Task requirements: Copy the listing that follows exactly. Its pictures do not belong in the copy.

Collected material:
=-=-=-=-=

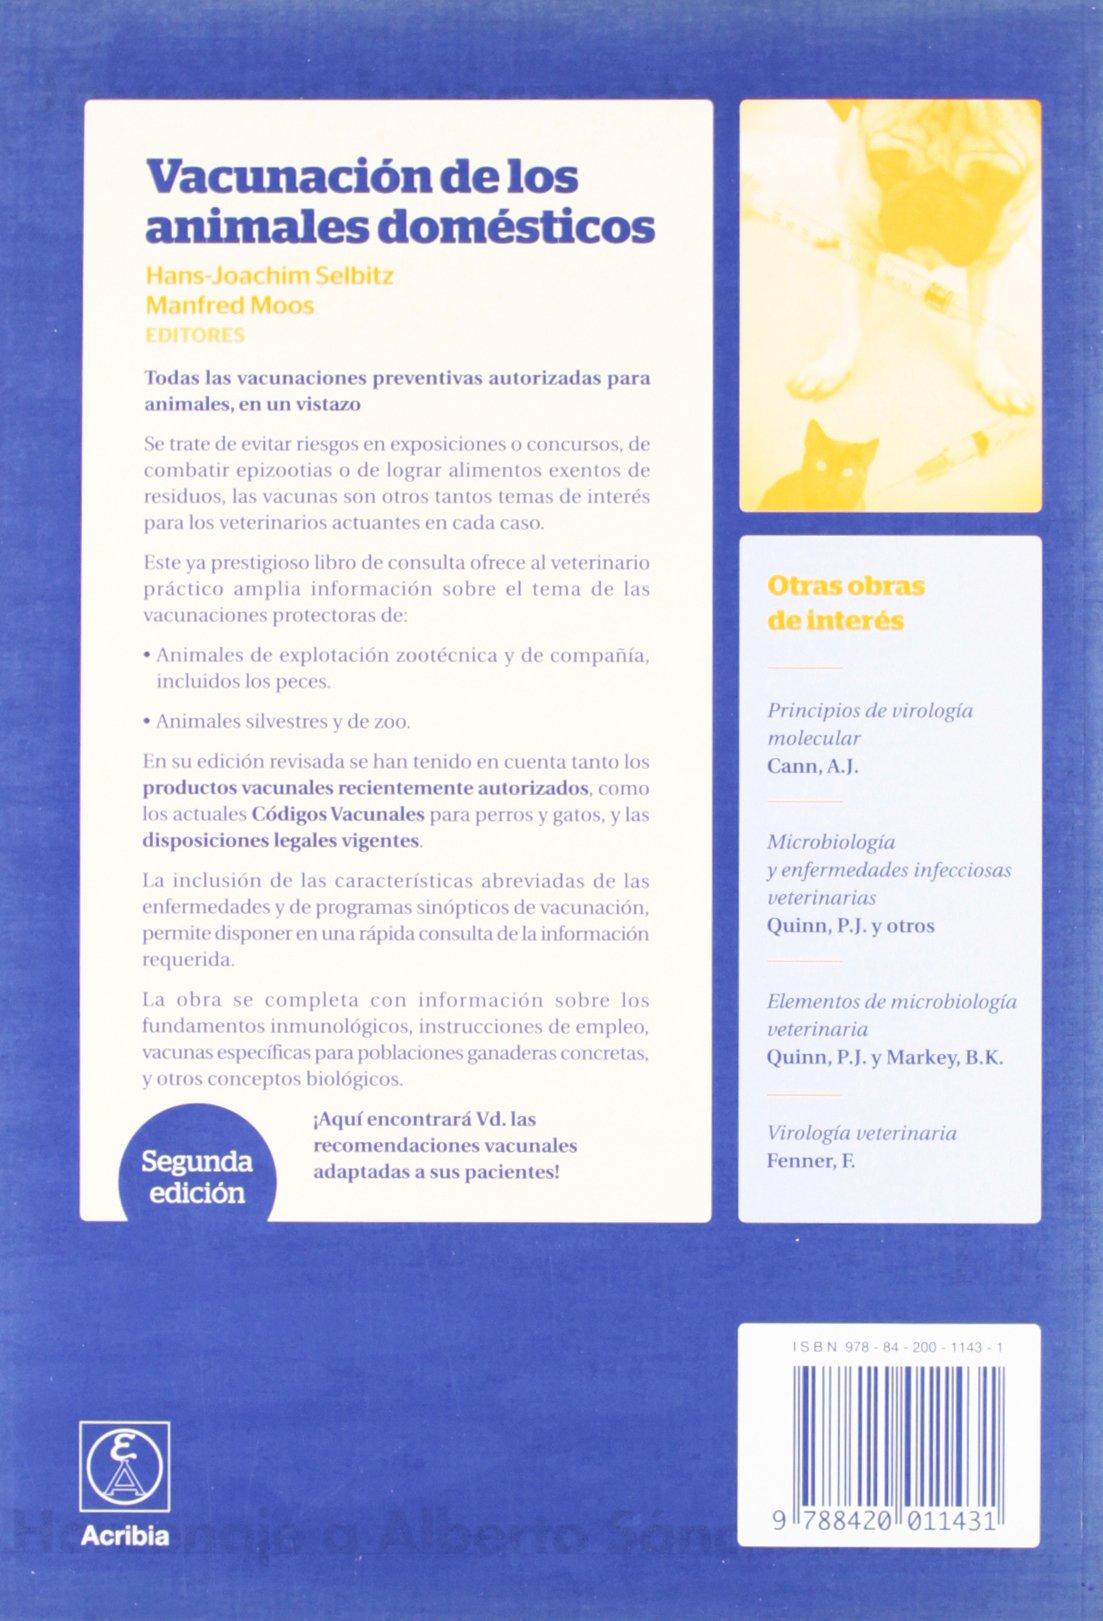 Vacunación de los animales domésticos: Manfred Moos, Hans-Joachm Selbitz: 9788420011431: Amazon.com: Books
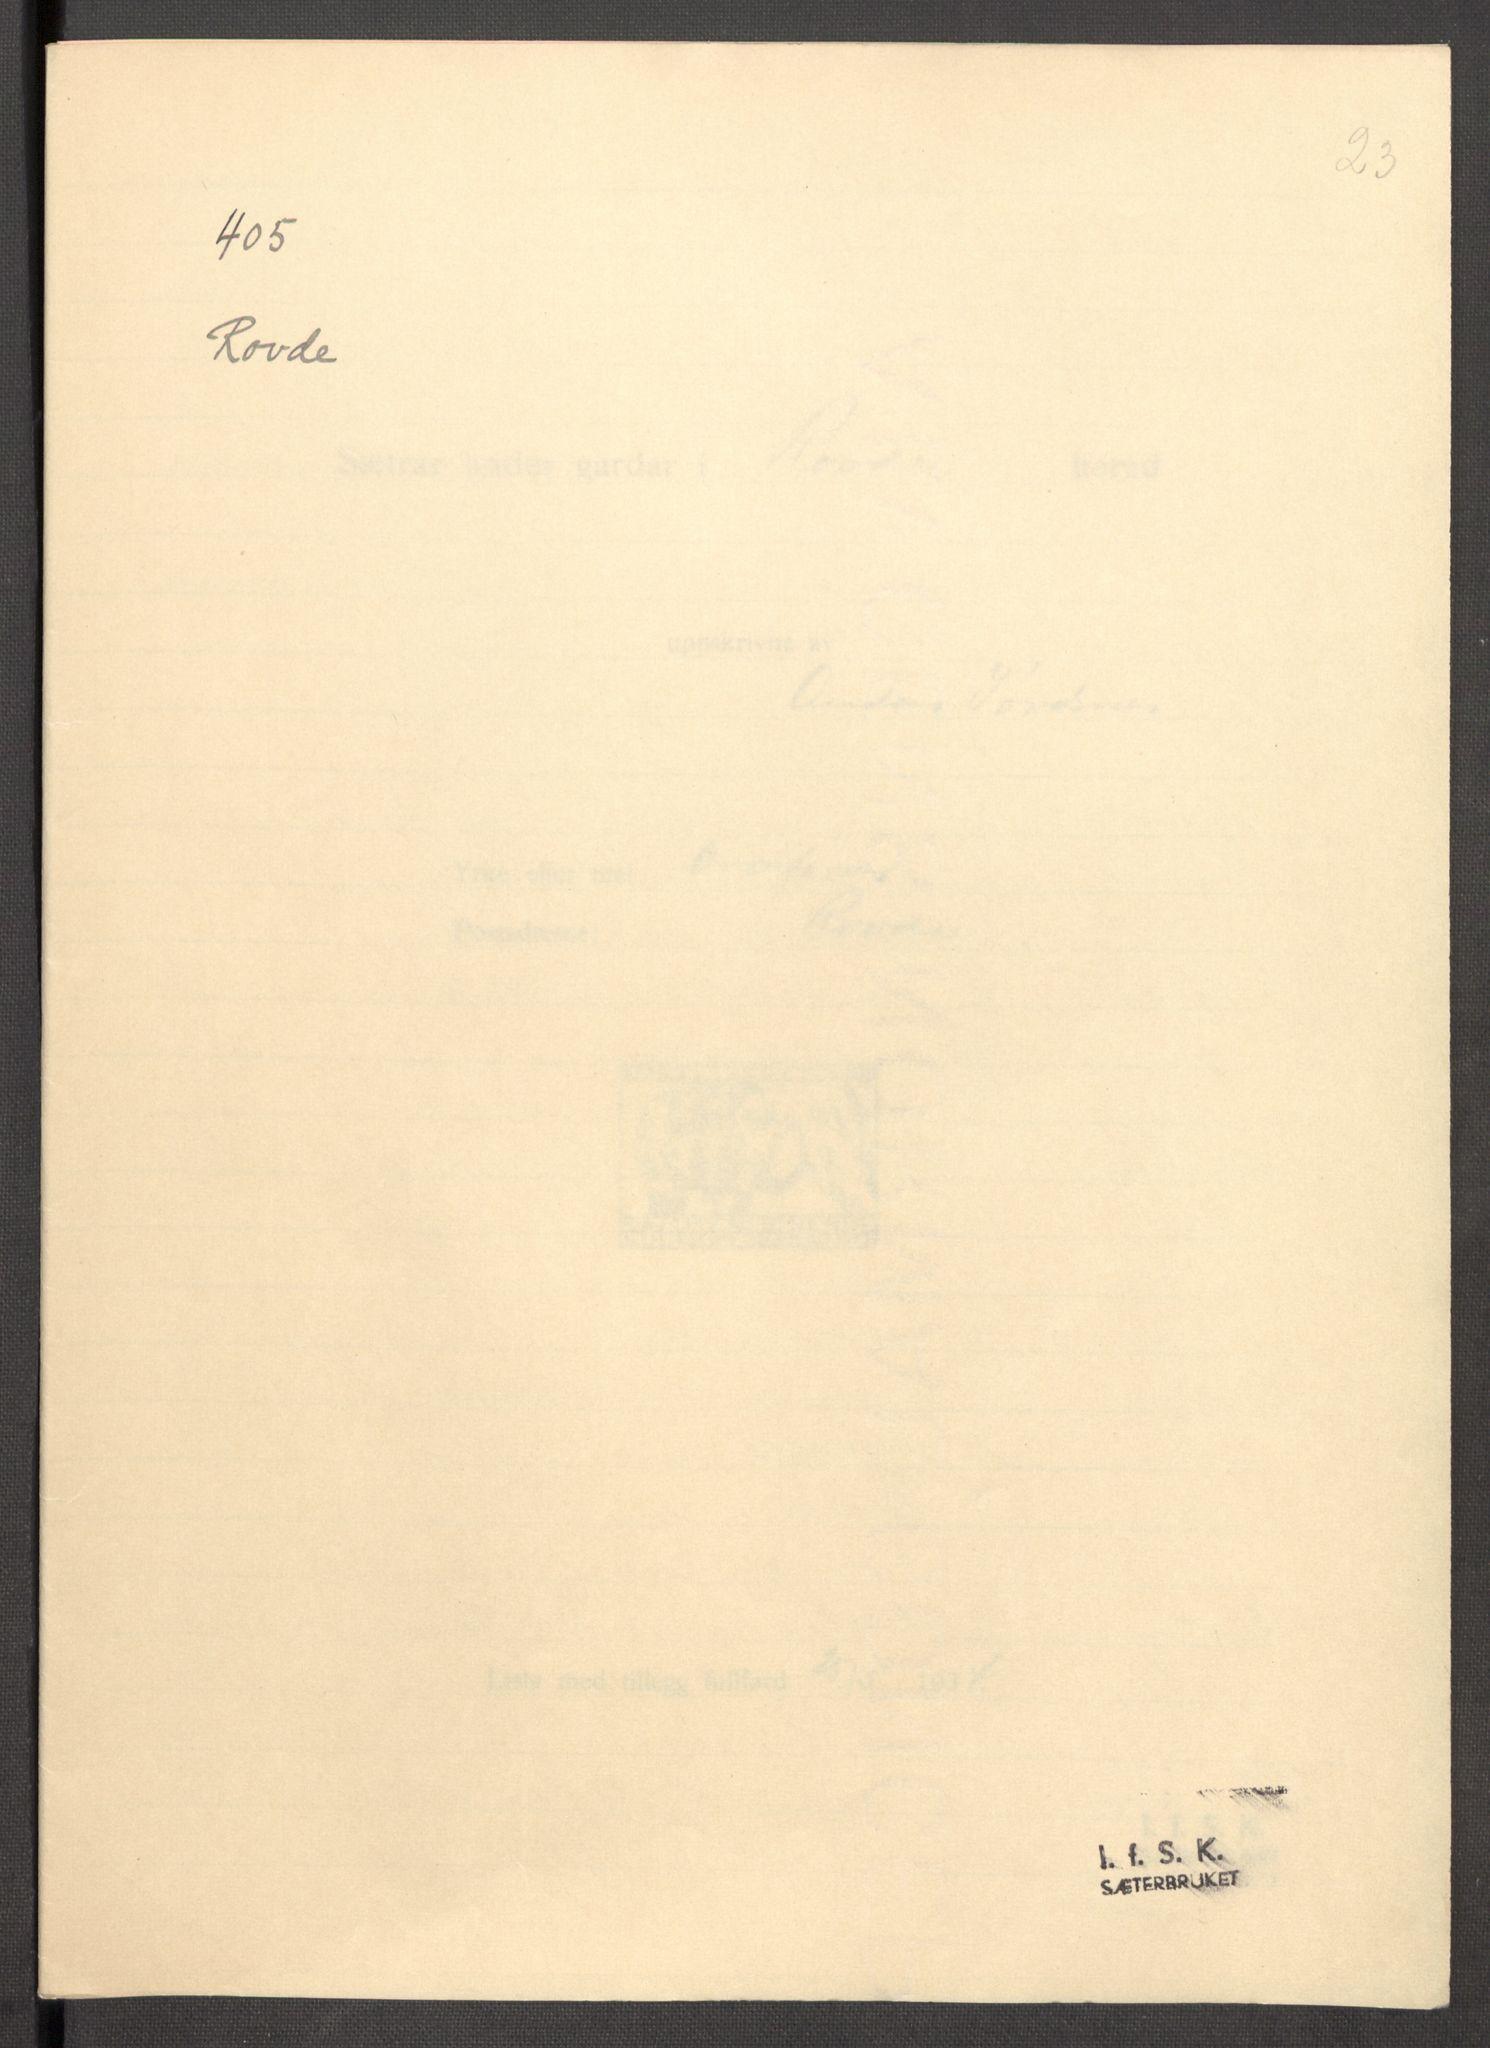 RA, Instituttet for sammenlignende kulturforskning, F/Fc/L0012: Eske B12:, 1934-1936, s. 23
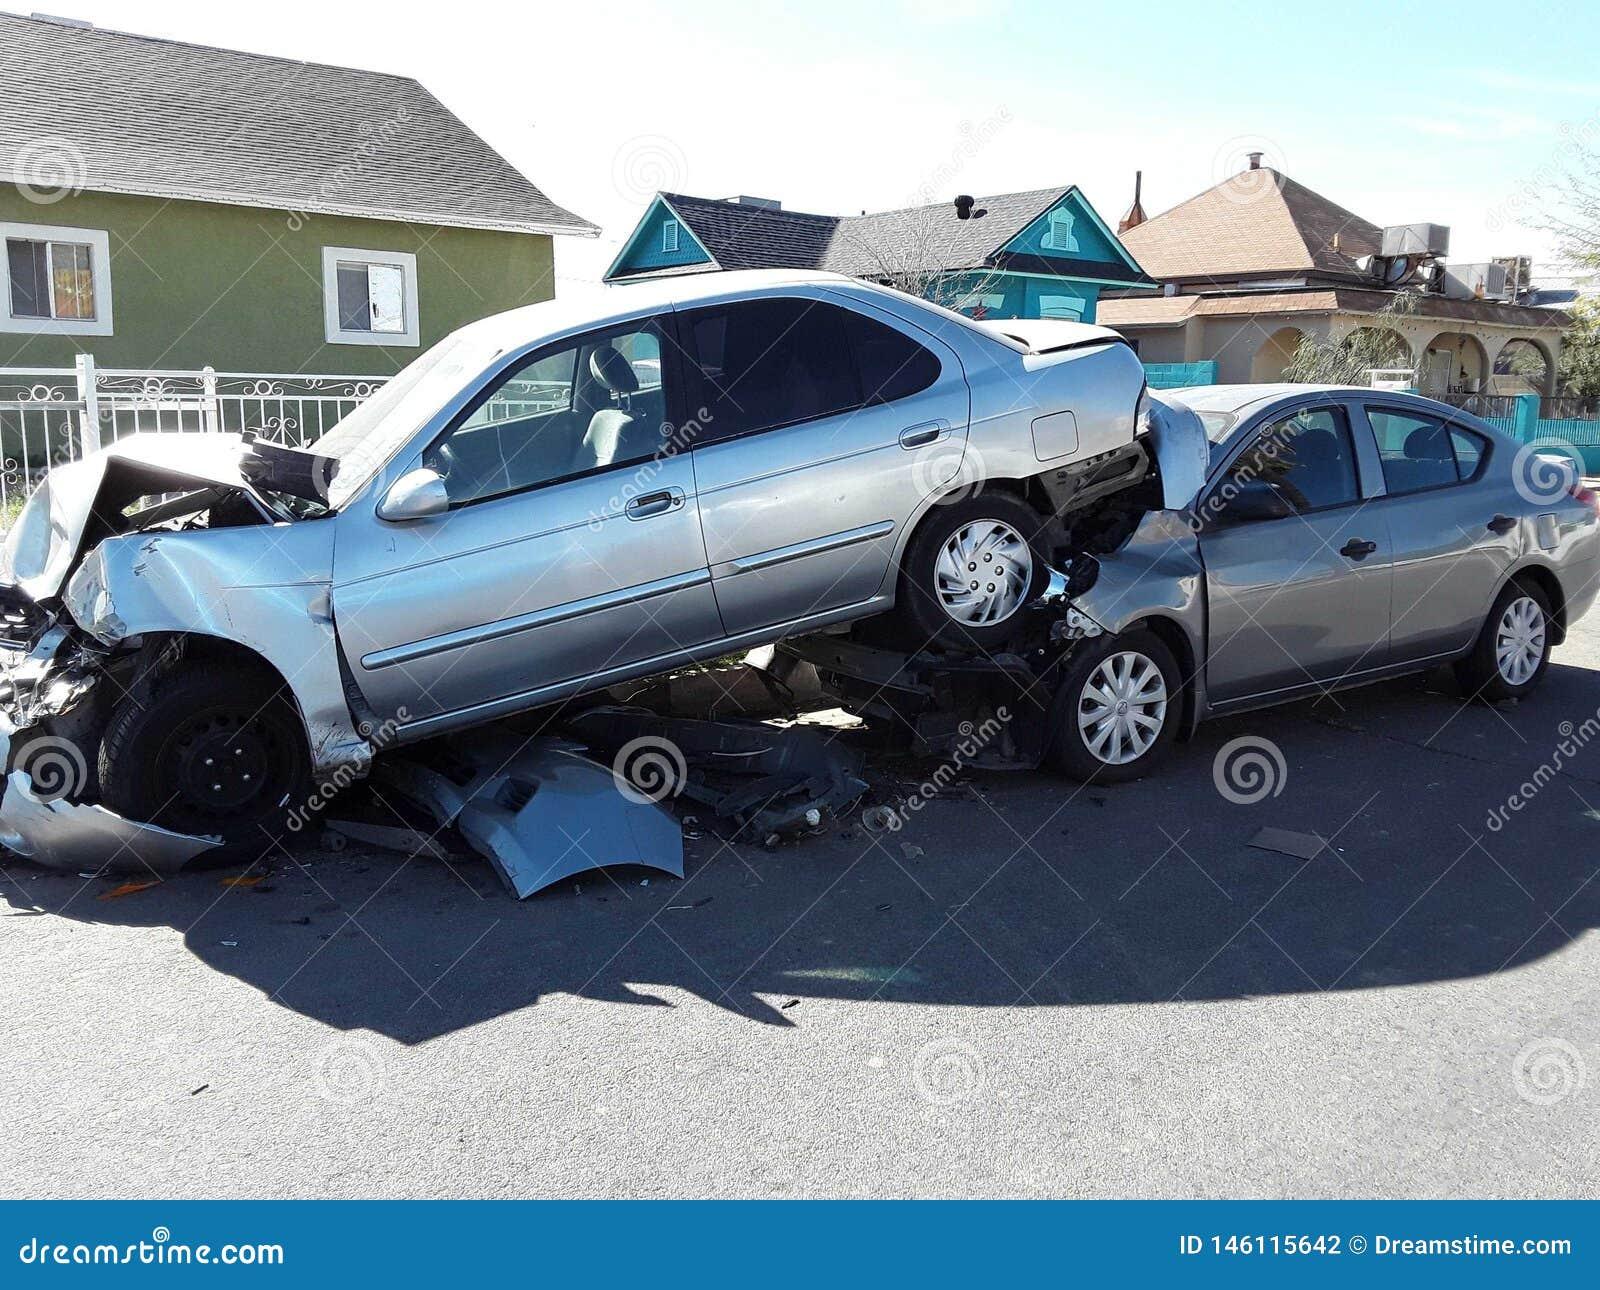 Någon slågen bil som överst sätter det av annan bil

=-=-=-=-=

Written response:
 Vacunación de los animales domésticos: Manfred Moos, Hans-Joachm Selbitz: 9788420011431: Amazon.com: Books
 RA, Instituttet for sammenlignende kulturforskning, F/Fc/L0012: Eske B12:, 1934-1936, s. 23
 Någon slågen bil som överst sätter det av annan bil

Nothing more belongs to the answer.